For subtypes of nonracial acute discrimination, smokers had a higher prevalence of discrimination attributed to “other” (13.1% versus 7.9%, p=.0125) than nonsmokers (Table S1). Whites had a higher prevalence of discrimination attributed to physical appearance (14.5%, p=.0001) and “other” (86.9%, p<.0001) than other racial groups (Table S2). The prevalence of sexism was higher for women than men (8.3% versus 3.5%, p=.0393; Table S3).

Chronic discrimination

In unadjusted regression analyses, chronic racial discrimination (RR=1.32, 95%CI: 1.08–1.62) and chronic nonracial discrimination (RR=1.40, 95%CI: 1.12–1.74) were significantly associated with smoking status (Table 3). Total chronic discrimination was also significantly associated with smoking status (RR=1.33, 95%CI: 1.12–1.59). Adjusting for covariates increased the relative risk of smoking associated with chronic racial discrimination (RR=1.45, 95%CI: 1.14–1.85), nonracial discrimination (RR=1.69, 95%CI: 1.37–2.08; Table 3), and total discrimination (RR=1.46, 95%CI: 1.20–1.78).

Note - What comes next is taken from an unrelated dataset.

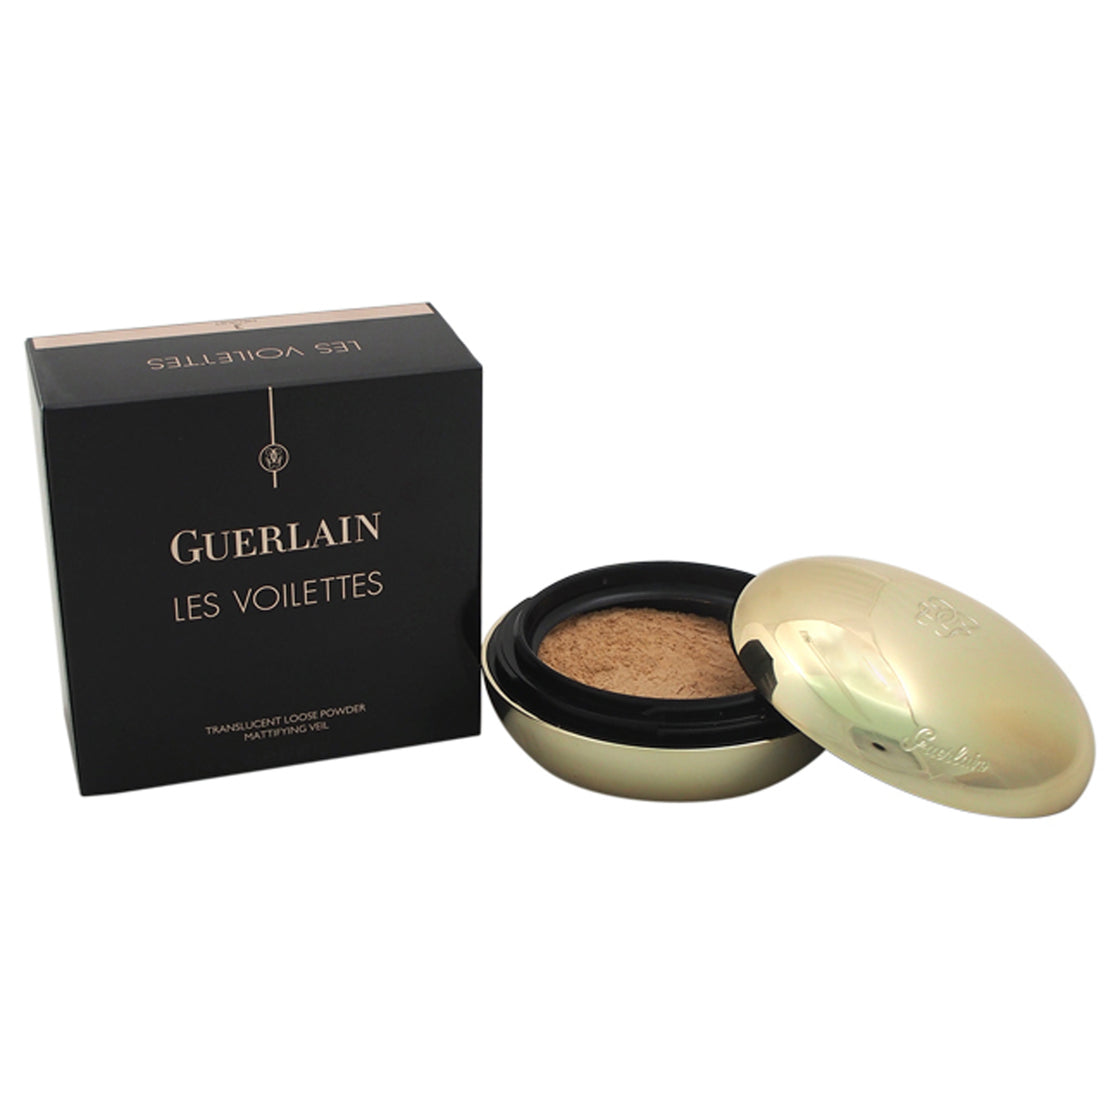 Les Voilettes Translucent Loose Powder Mattifying Veil - # 3 Medium by Guerlain for Women - 0.7 oz Powder
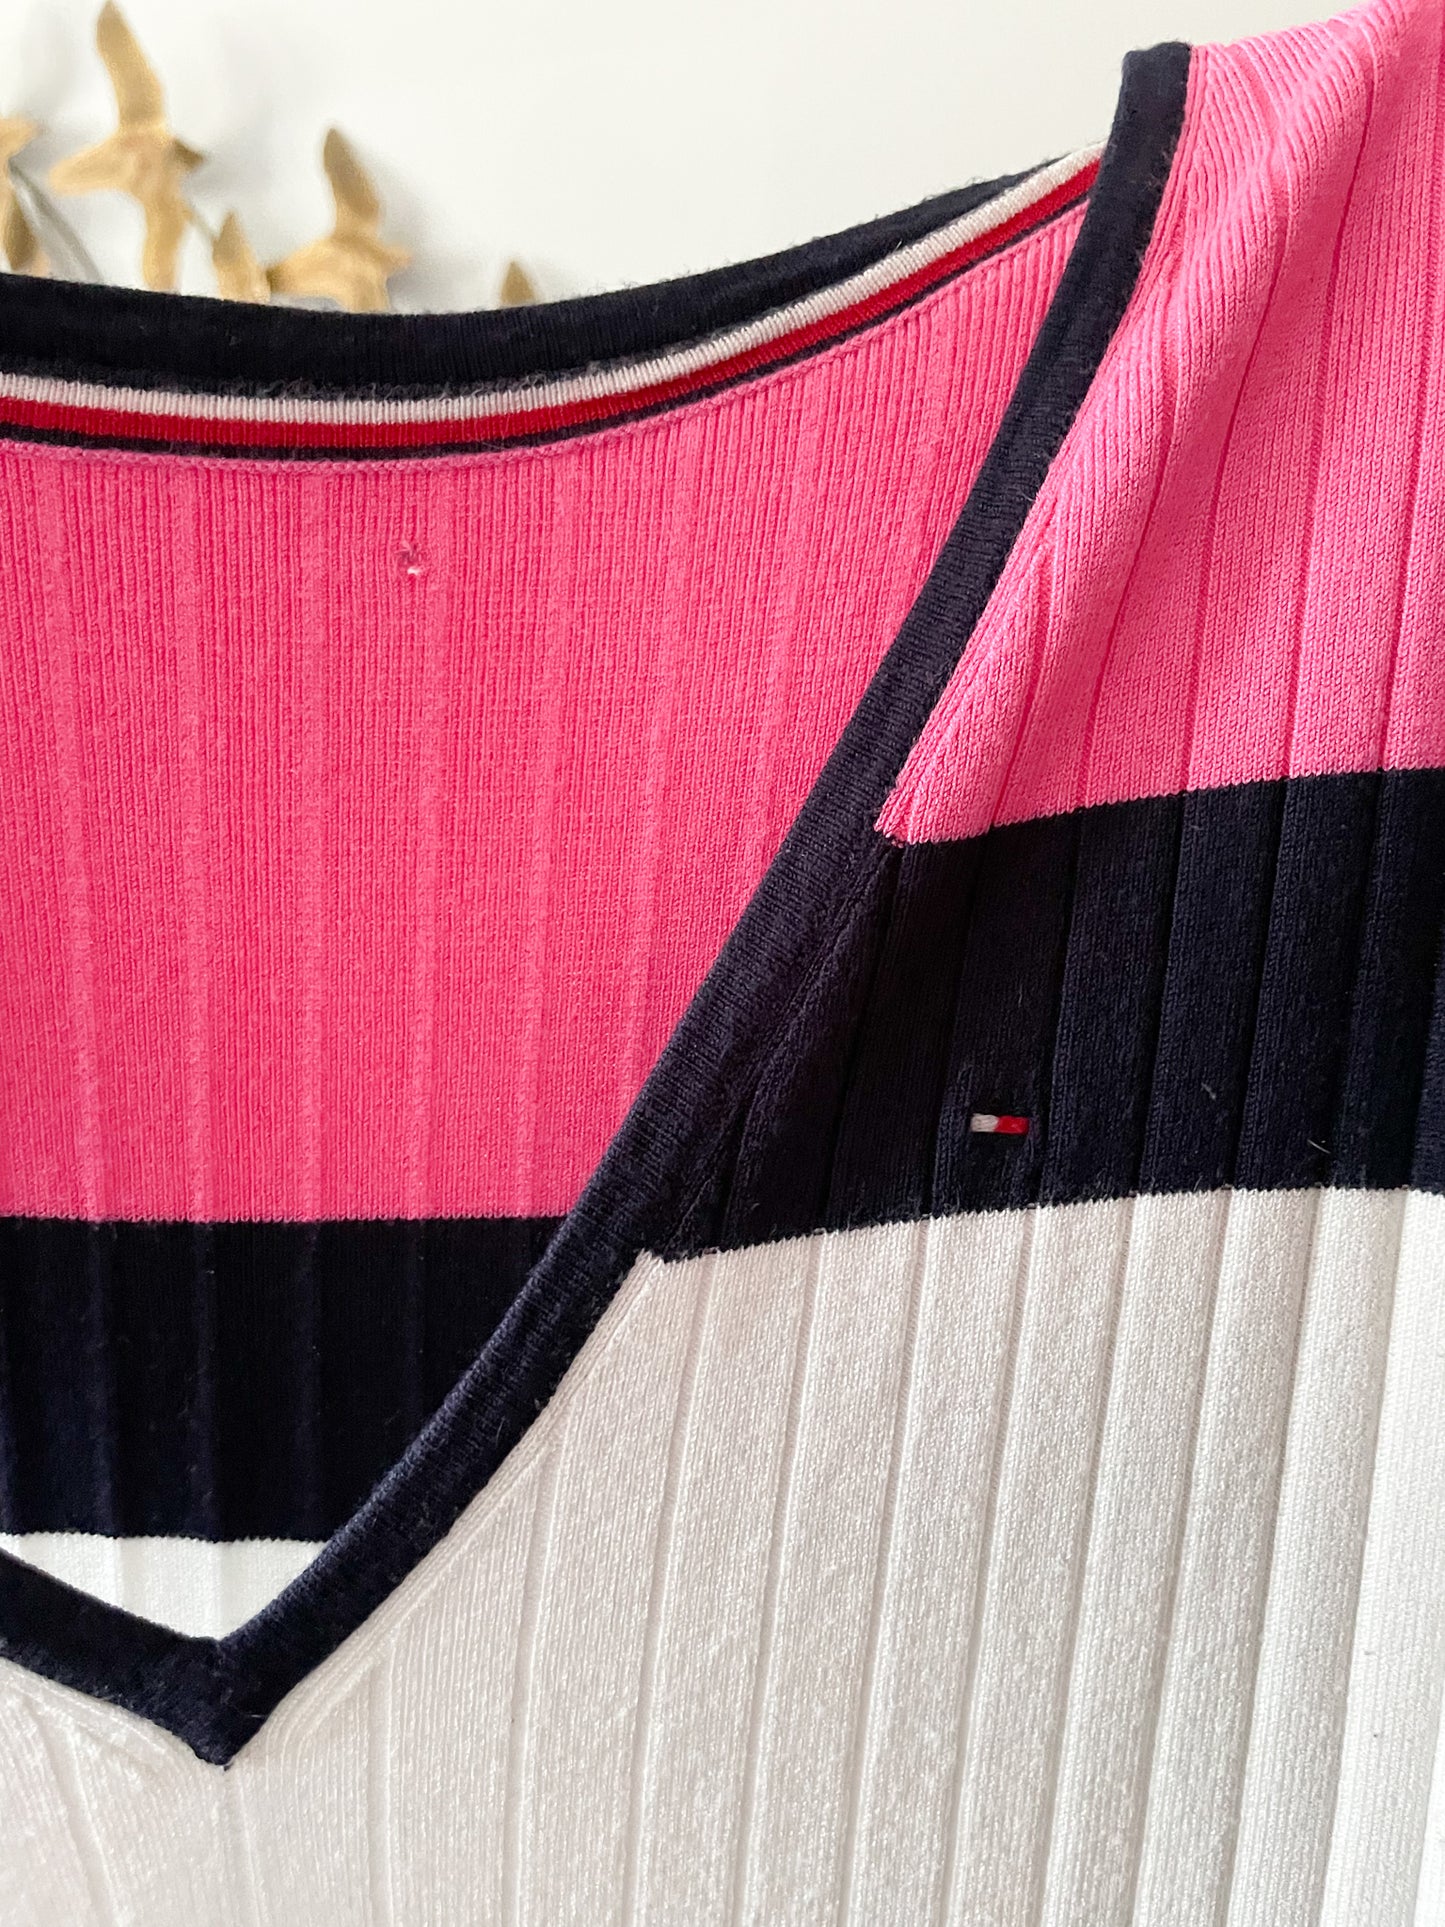 Tommy Hilfiger Ribbed – Stripe Fashion Navy Pink Knit Sleeveless Dress & Prix V-Neck Le - Consulting

Tests for interactions revealed a significant positive interaction of chronic racial discrimination by gender (p=.0370) and chronic nonracial discrimination by race (p=.0009). Among those who experienced racial discrimination, the relative risk of smoking was significantly higher for men (RR=1.41, 95%CI: 1.15–1.72) than for women (RR=1.01, 95%CI: 0.61–1.68). Among respondents who endorsed nonracial discrimination, Black Africans (RR=1.67, 95%CI: 1.24–2.25) and Whites (RR=2.62, 95% CI: 1.69–4.06) had a higher risk of smoking than South Africans of Coloured (RR=1.09, 95%CI: 0.67–1.77) or Indian, Asian, or “other” descent (RR=1.00, 95%CI: 0.57–1.74). Urbanicity was not included in multivariable models because it was not a significant confounder.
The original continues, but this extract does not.